The "flat-line" forecaster, which essentially mirrors the baseline in the COVID Forecast Hub. It augments a flat-line point prediction with a forecast distribution around this point based on quantiles of symmetrized week-to-week residuals.

baseline_forecaster(
  df_list,
  forecast_date,
  incidence_period = c("epiweek", "day"),
  ahead = 1:4,
  symmetrize = TRUE
)

Arguments

df_list

list of data of the format that is returned by covidcast::covidcast_signal() or covidcast::covidcast_signals().

forecast_date

Date object or string of the form "YYYY-MM-DD", indicating date on which forecasts will be made about some period (e.g., epiweek). For example, if forecast_date = "2020-05-11", incidence_period = "day", and ahead = 3, then, we'd be making forecasts for "2020-05-14".

incidence_period

String indicating the incidence period, either "epiweek" or "day".

ahead

Vector of (one or more) integers. How many epiweeks/days ahead are you forecasting? If incidence_period = "epiweek" and forecast_date is Sunday or Monday, then ahead = 1 means the epiweek that includes the forecast date; if forecast_date falls on a Tuesday through Saturday, then it is the following epiweek.

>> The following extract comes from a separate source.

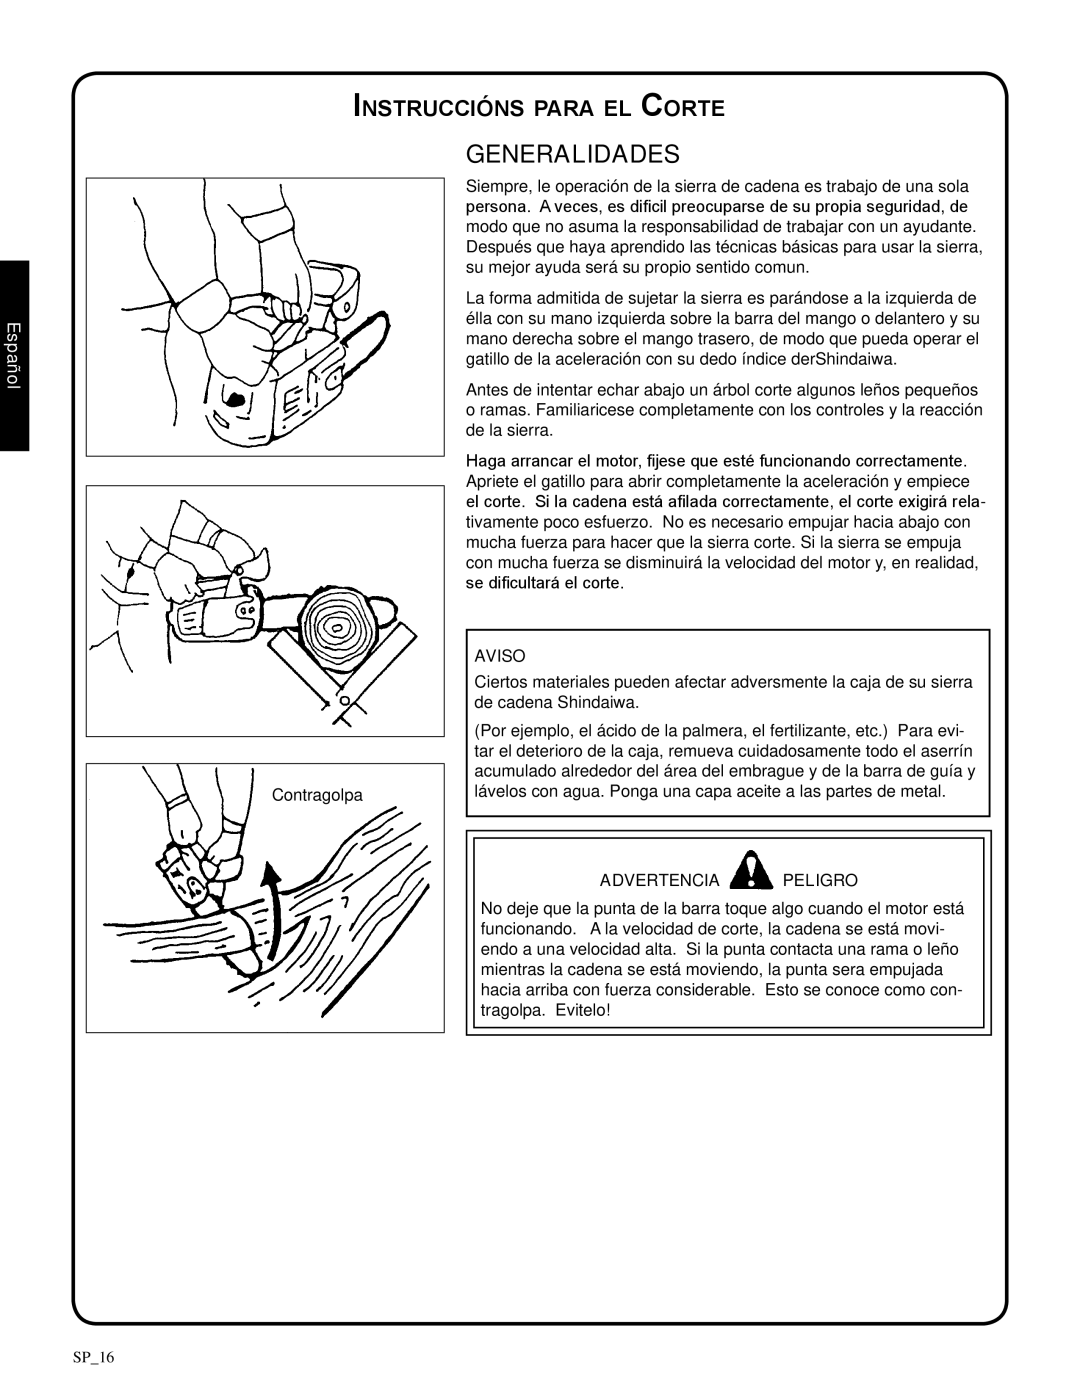 Shindaiwa 82085, 326T manual Generalidades, Instruccións para el Corte, Aviso, Español, Advertencia Peligro 
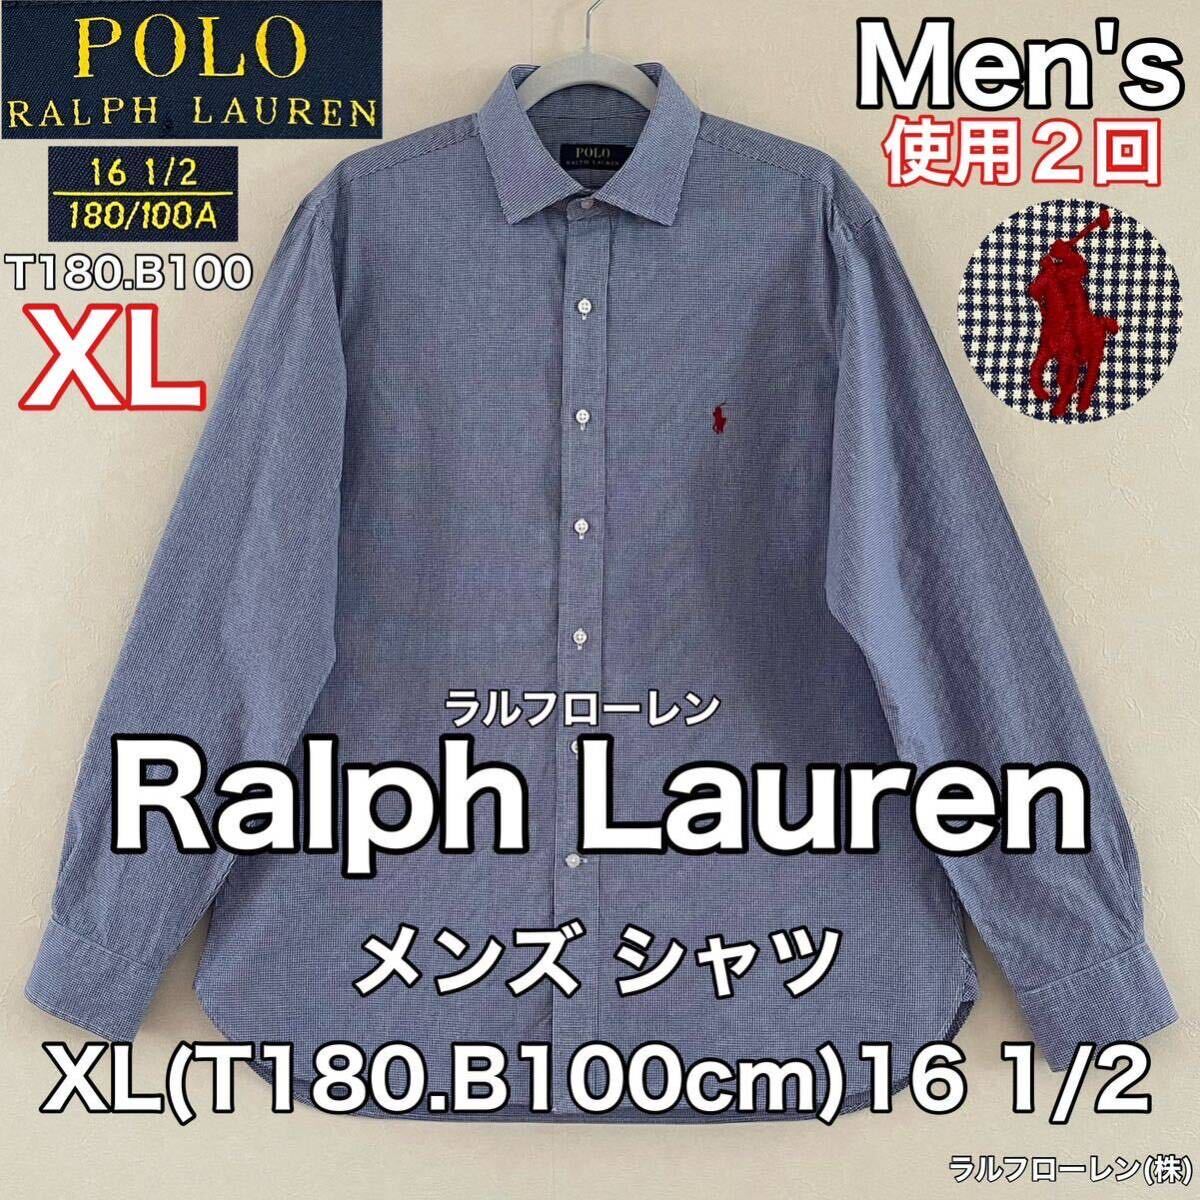 超美品 Ralph Lauren(ラルフローレン)メンズ シャツ XL(T180.B100cm)16 1/2ブルー ホワイト チェック 長袖 使用2回 ラルフローレン(株)

If incidence_period = "day", then ahead = 1 means the day after forecast date.

symmetrize

Should symmetrized residuals be used, or unsymmetrized (raw) residuals? Default is TRUE, which results in the flat-line point prediction. If FALSE, then point predictions can be increasing or decreasing, depending on the historical trend.

Value

Data frame with columns ahead, geo_value, quantile, value. The quantile column gives the predicted quantiles of the forecast distribution for that location and ahead. An NA indicates a point forecast (same as the median in this case).